Discourage E-mail traffic - "Proper etiquette also extends to his family,
who should be discouraged from sending E-mail that's not appropriate
or urgent.…reduce the volume of inessential daily E-mail.

There is no more efficient way for communication to be transmitted than by E-mail. Since E-mail can be more quickly dispatched than personal visits, more completely answered than Voicemail, and more inexpensively replied than postal mail, why would you discourage it's use? If you purge the Human Moment from your E-mail traffic you buy yourself a much larger problem!

Train your secretaries to screen and triage your E-mail.
They can be taught to forward some mail to the appropriate person and to inform
the sender politely to send the message elsewhere; this will help to train others on appropriate E-mail use and will help them realize that Steve should not be
bothered with problems best handled by others.

Instead, this will train everyone that Steve does not want to be bothered. The only way you'll have a relationship with Steve is to hang out at his office. You don't dare tread off the "strictly business" path in an e-mail, because the secretaries are reading everything. Very chilling atmosphere.

The secretaries should also be taught to prioritize messages
and to print out and hand deliver urgent and important missives.

Few secretaries have the confidence to prioritize messages they don't fully understand. Steve will end up with most messages printed out and now instead of hitting the delete key he gets to lug the paper around until he can wade through it and then hit the wastebasket with the discards.

But then again, if he is a senior executive or working for a firm getting ready for an IPO, he must seek out a paper shredder, or carry the wad back to his office for shredding. Convenient, no? (c)2005 Laura Ricci

If his secretaries cannot provide sufficient assistance to triage his messages,
then he needs higher level staff support. This person may be a well-qualified
assistant or someone at Steve's level who can take on some of his workload.

First, who has secretaries? Second, hire someone "at Steve's level"? There are no clones. Making these distinctions for an executive would take years of experience. The consultant suggests that if the secretary/assistant/peer can't do it, there is something wrong with them.

Steve should limit the times at which he reads his E-mail.

The first thing I agree with. E-mail allows you to be asynchronous. You can work with a team around the globe because it doesn't matter that it is 2 a.m. in London when you answer the E-mail. They will get your response in a few hours when they get into the office.

The luxury of being able to set aside specific times for activities because you don't have to be available to answer the phone or attend meetings is magical. But you must master the medium by not opening the In box and letting it take over your workday.

Make it clear to others that E-mail may not always be the best means
of communicating with him.

People will learn quickly not to send messages to Steve if he's not likely to respond. The consultant is correct.

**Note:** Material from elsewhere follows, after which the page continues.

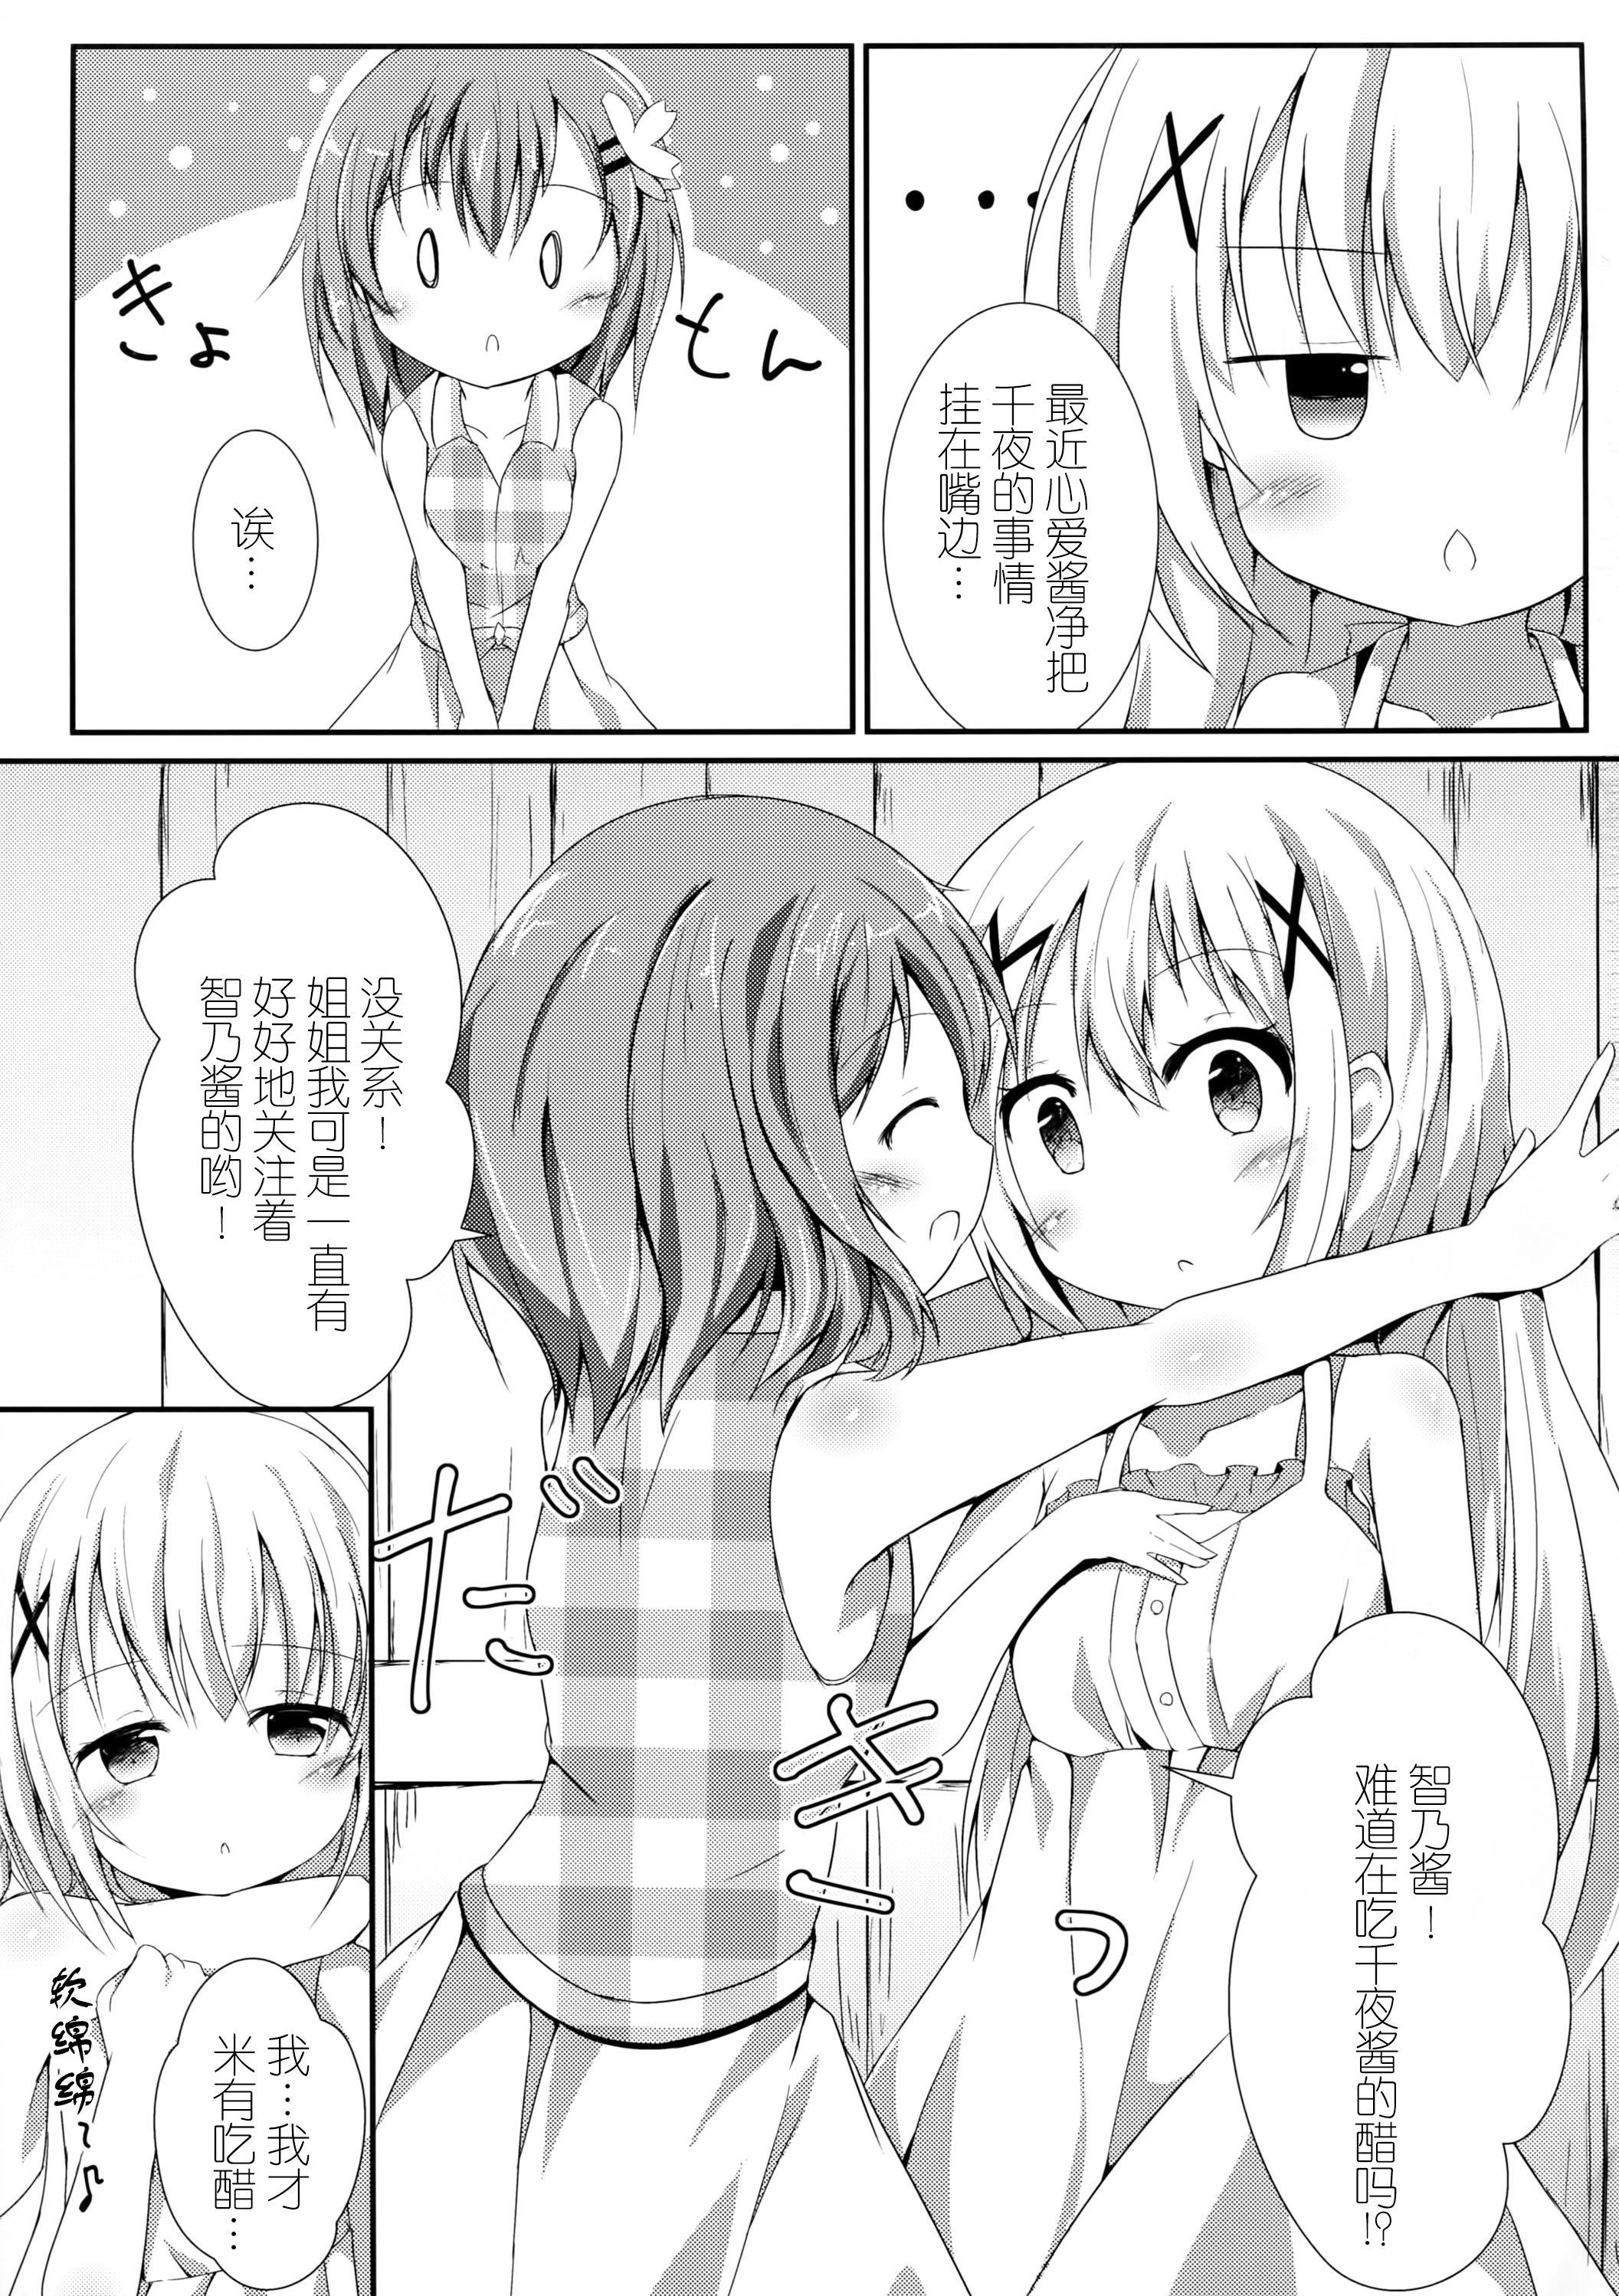 Spread Sister or Not Sister?? - Gochuumon wa usagi desu ka Chick - Page 5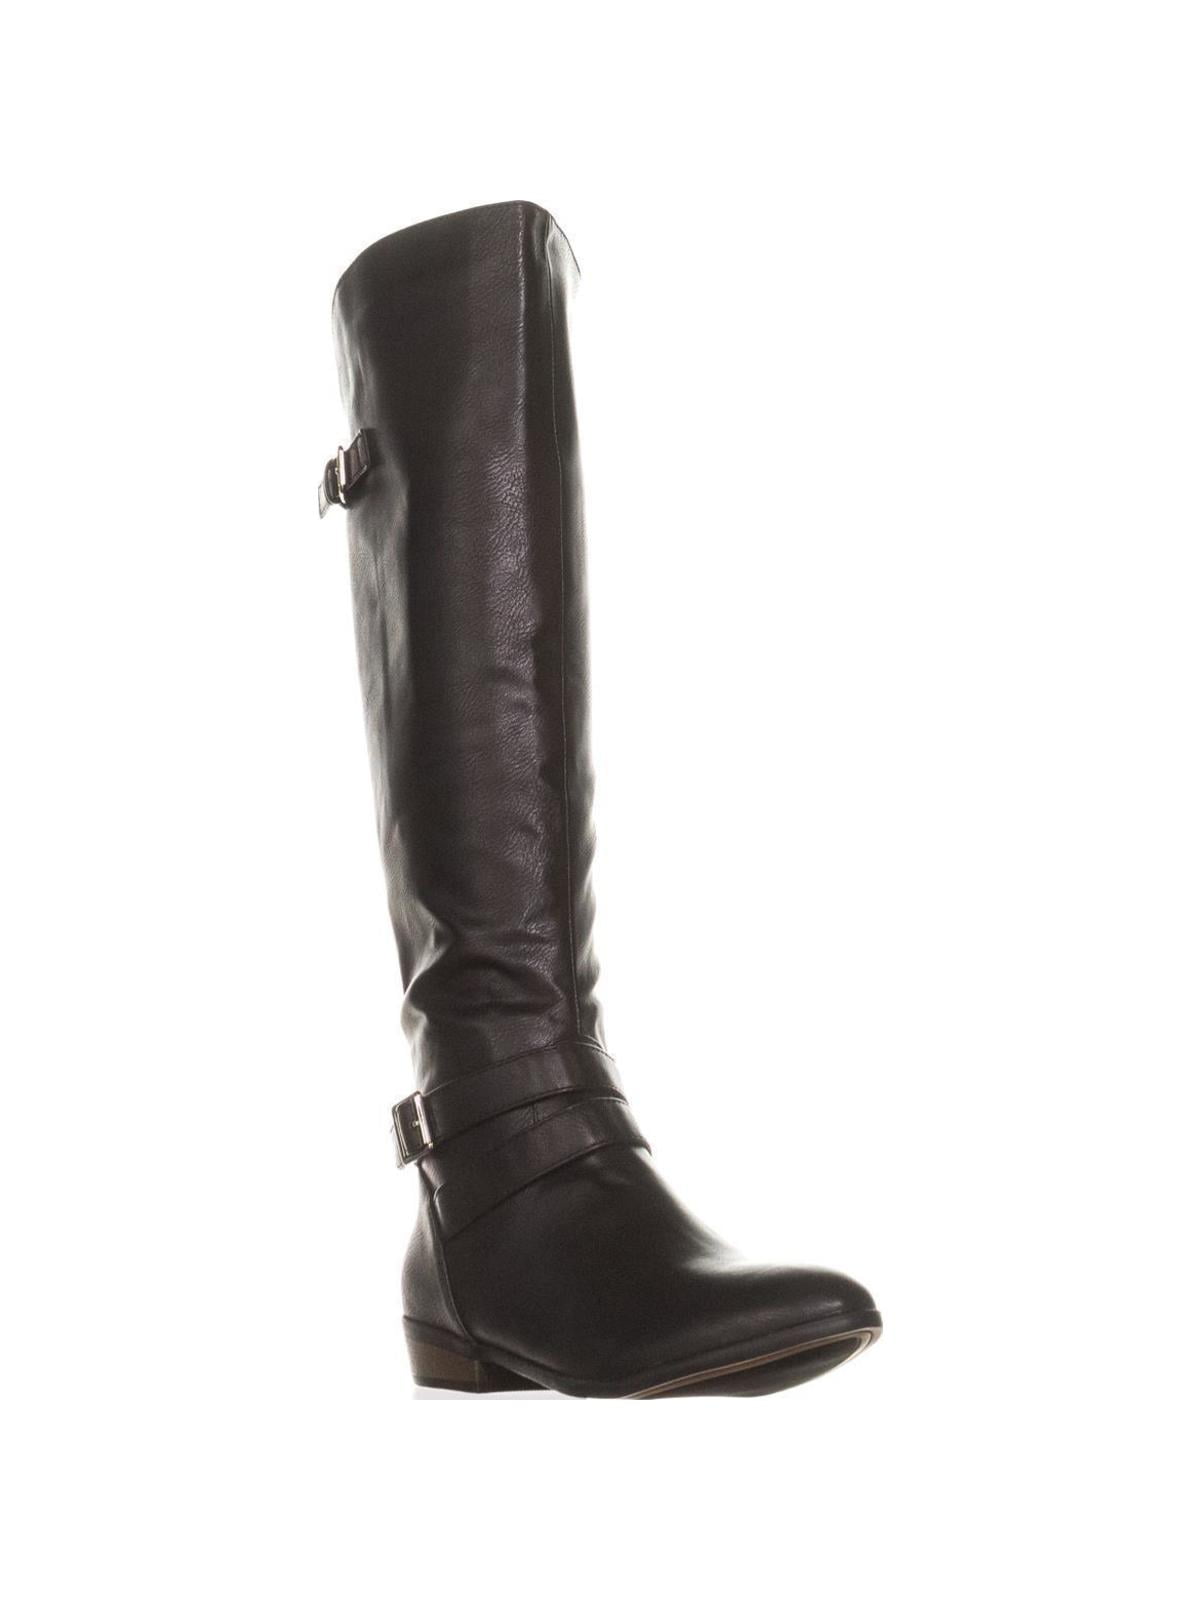 MG35 Carleigh Knee High Boots, Black | Walmart Canada

And if Steve wants to be out of touch with what is going on, this tactic will definitely get him there. If Steve wants to have folks start calling and stopping by instead of sending a quick note, this will do the trick! But wasn't the question how to get more done in less time?

Nothing signals a desire to reduce communication better than a lack of response,
or a delayed response, from one of the parties. Responses provoke messages.

This is absolutely true. (And wasn't said by the Consultant I've been lambasting.) When folks send messages you want to discourage, slowing down your reaction time will discourage future messages. Another addressee will reply, or the sender will send a note to another person one level lower in the organization. When they get a response, they'll know who to query next time. No need for bloodshed, or missives to the misguided.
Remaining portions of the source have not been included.